▶ _Exercise brief_: In the material below, the line holding "Image with shapes" and every line after it should be reproduced exactly, please, with pictures omitted.

▶ _Given data_:
◇ ◇ ◇ ◇ ◇ ◇ ◇

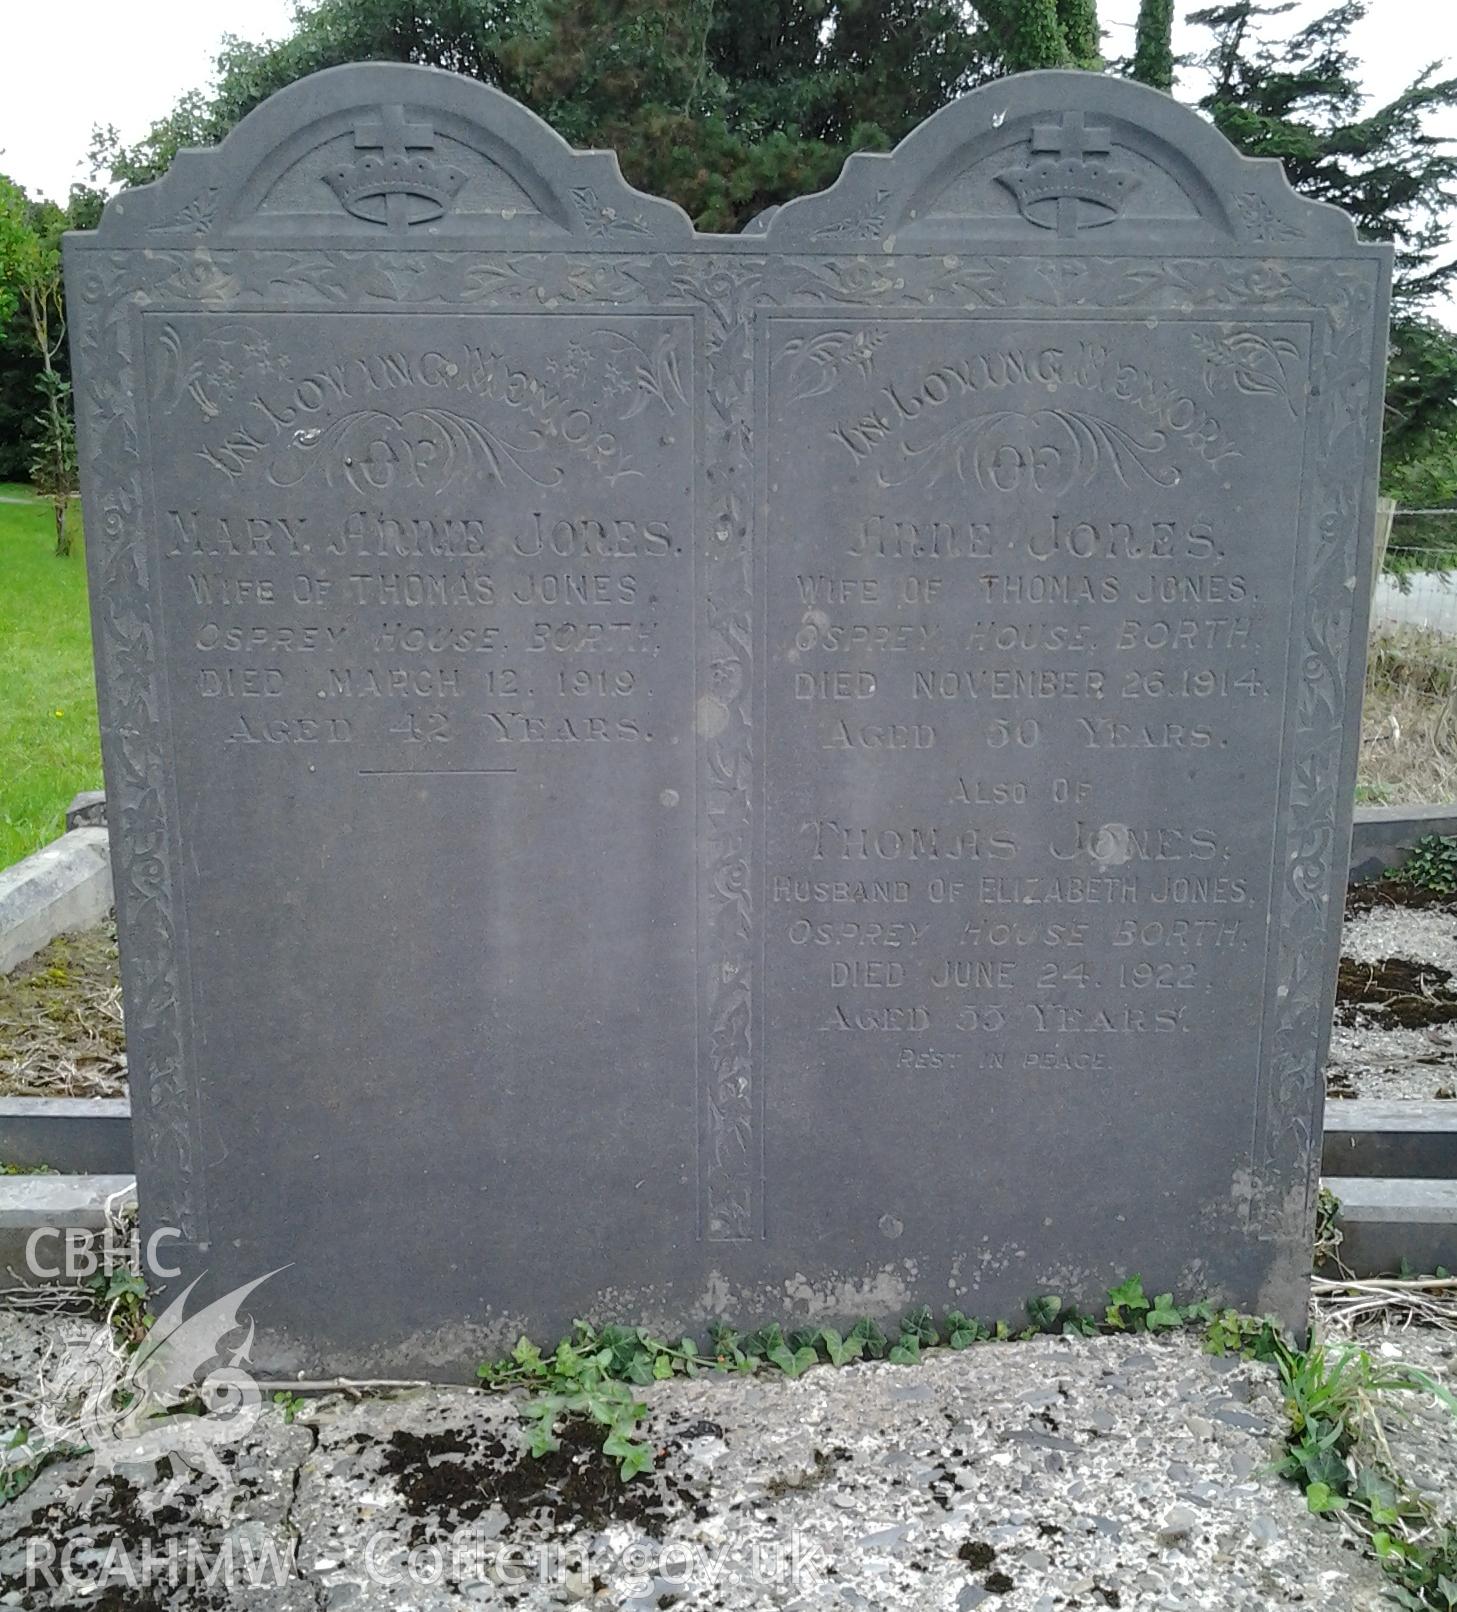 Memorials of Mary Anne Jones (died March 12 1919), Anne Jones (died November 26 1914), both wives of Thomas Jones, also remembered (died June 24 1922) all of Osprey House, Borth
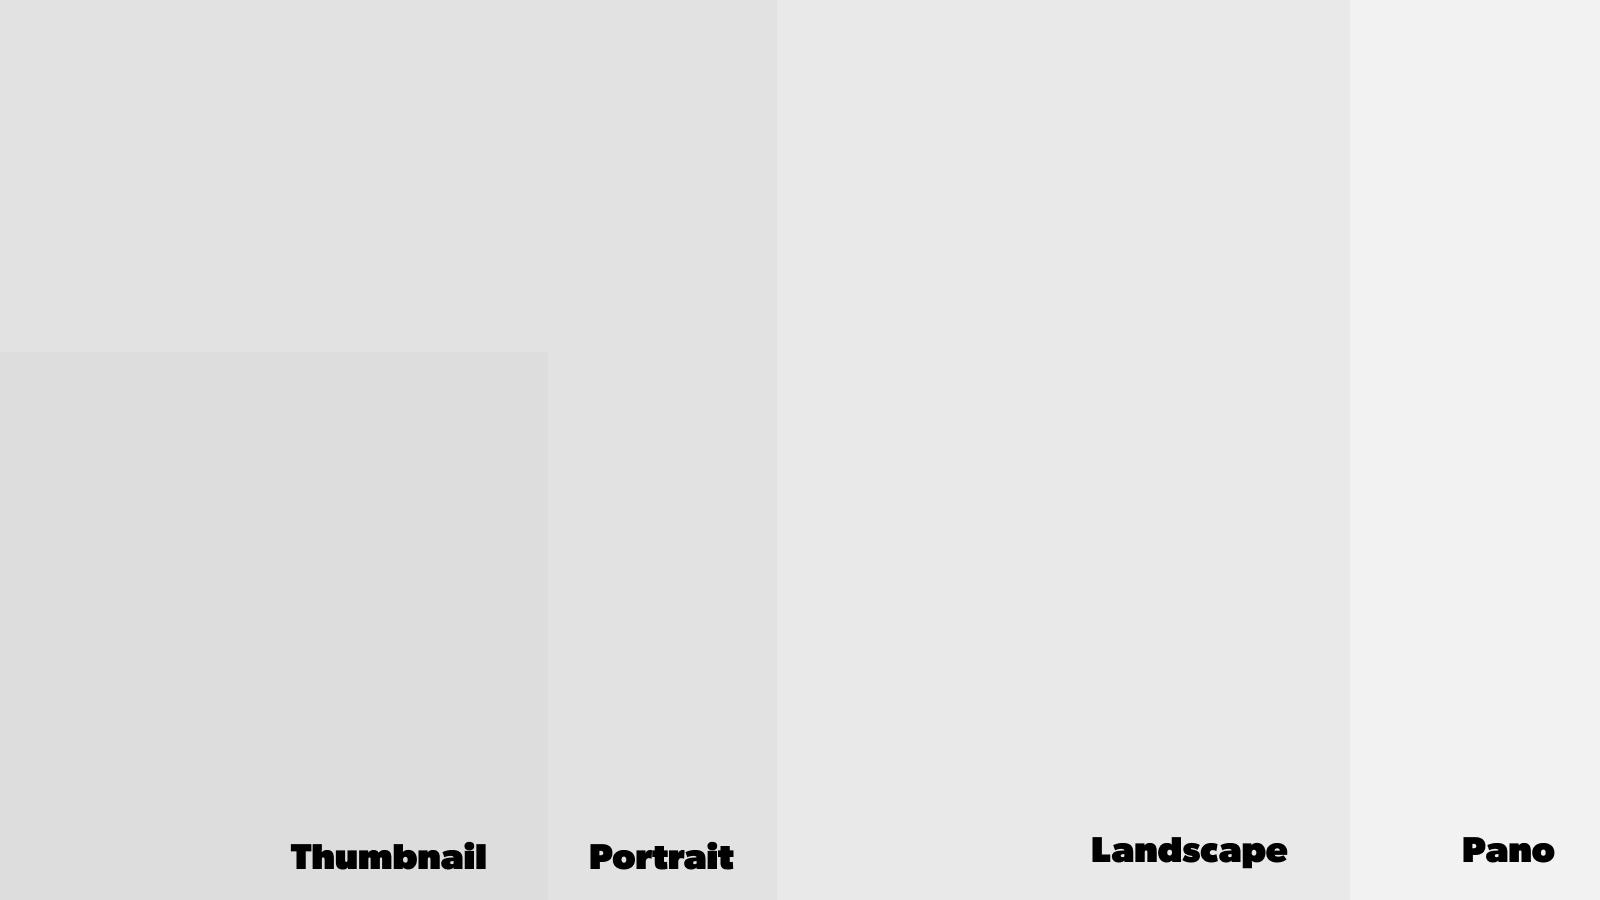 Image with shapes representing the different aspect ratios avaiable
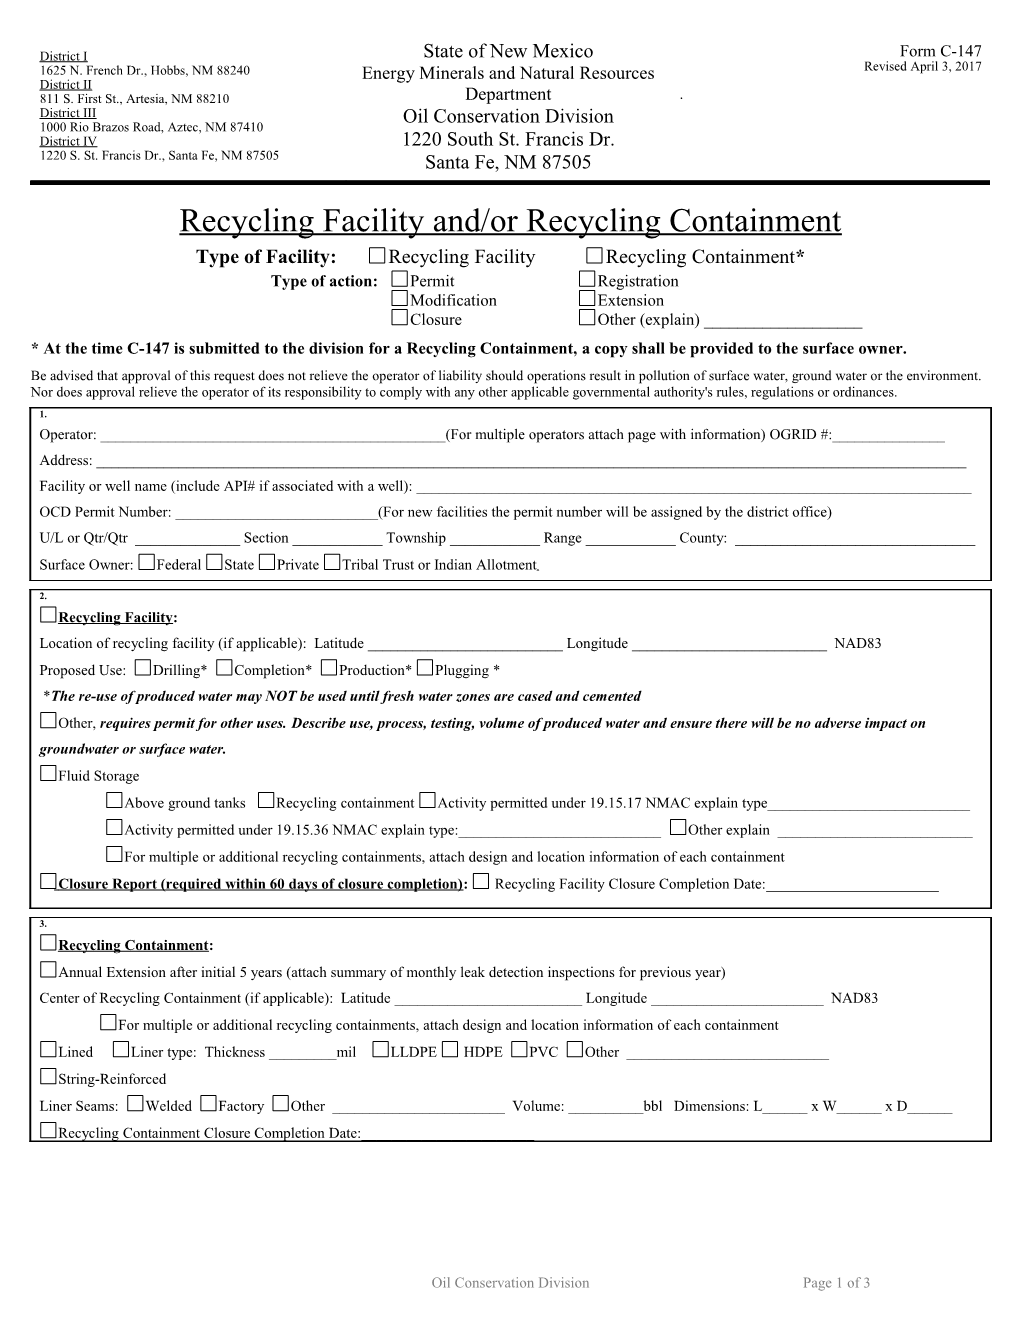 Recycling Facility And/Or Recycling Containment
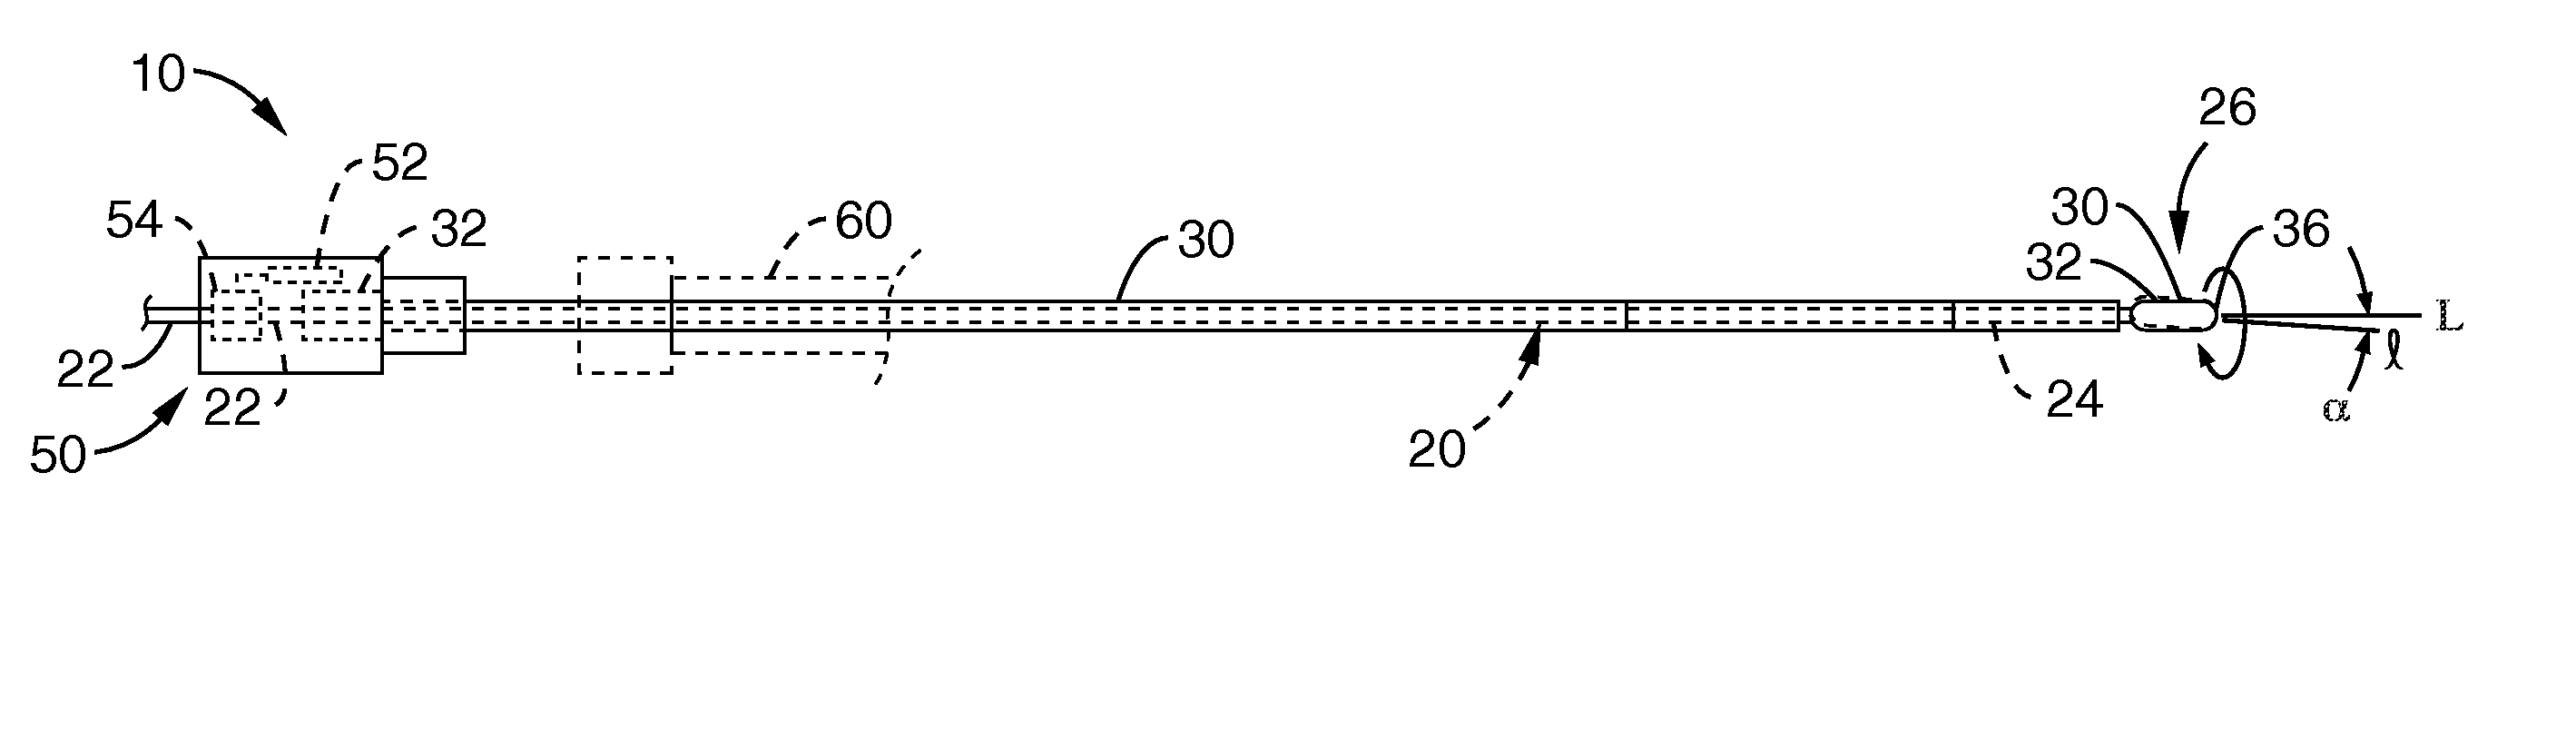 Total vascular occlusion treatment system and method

◇ ◇ ◇ ◇ ◇ ◇ ◇

▶ _Answer to this problem_:
 Image with shapes representing the different aspect ratios avaiable
 Recycling Facility And/Or Recycling Containment
 Total vascular occlusion treatment system and method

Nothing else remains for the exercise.